- Interactive map of Tây Nha Trang
- Coordinates: 12°16′34″N 109°09′54″E﻿ / ﻿12.27611°N 109.16500°E
- Country: Vietnam
- Province: Khánh Hòa province
- Established: June 16, 2025

Area
- • Total: 10.77 sq mi (27.89 km^{2})

Population (2024)
- • Total: 108,065
- • Density: 10,040/sq mi (3,875/km^{2})
- Time zone: UTC+07:00 (Indochina Time)
- Administrative code: 22390

= Tây Nha Trang =

Tây Nha Trang (Vietnamese: Phường Tây Nha Trang, lit. 'West Nha Trang') is a ward of Khánh Hòa province, Vietnam.

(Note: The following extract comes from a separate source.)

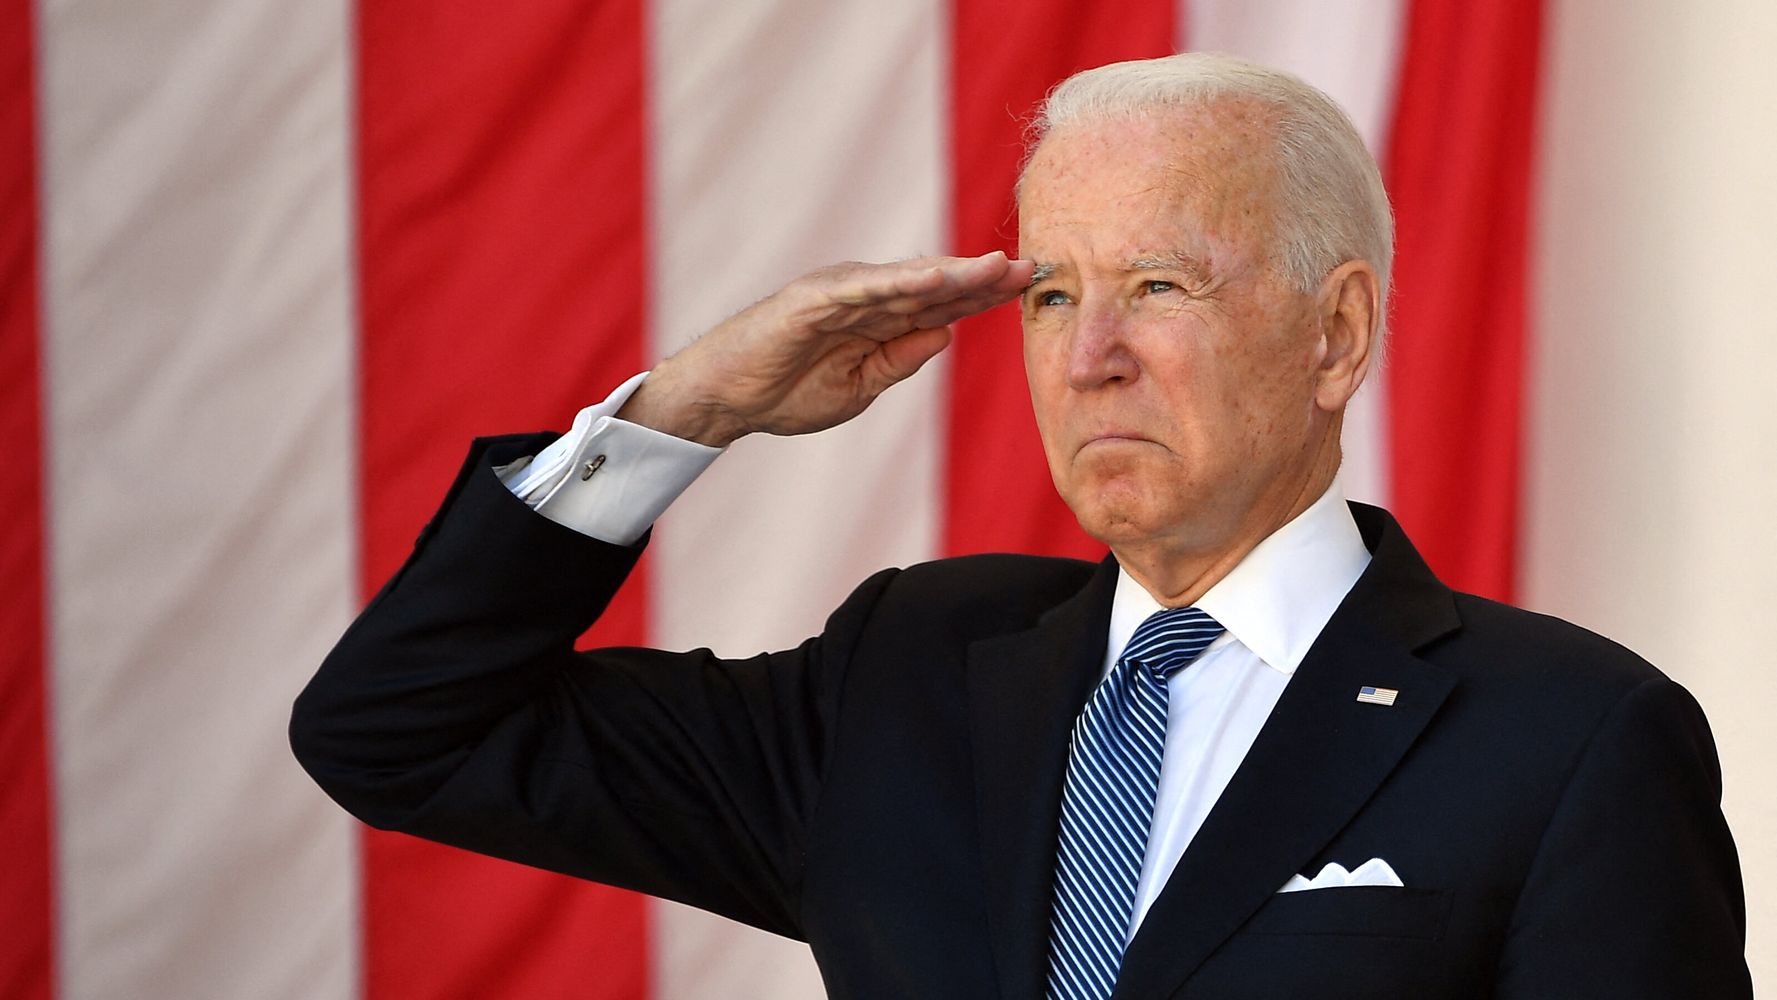 Biden Commemorates Fallen Soldiers On Memorial Day

It is one of the 65 new wards, communes and special zones of the province following the reorganization in 2025.

==History==
On June 16, 2025, the National Assembly Standing Committee issued Resolution No. 1667/NQ-UBTVQH15 on the arrangement of commune-level administrative units of Khánh Hòa province in 2025 (effective from June 16, 2025). Accordingly, the entire land area and population of Ngọc Hiệp, Phương Sài wards and Vĩnh Ngọc, Vĩnh Thạnh, Vĩnh Hiệp, Vĩnh Trung communes of the former Nha Trang city will be integrated into a new ward named Tây Nha Trang (Clause 51, Article 1).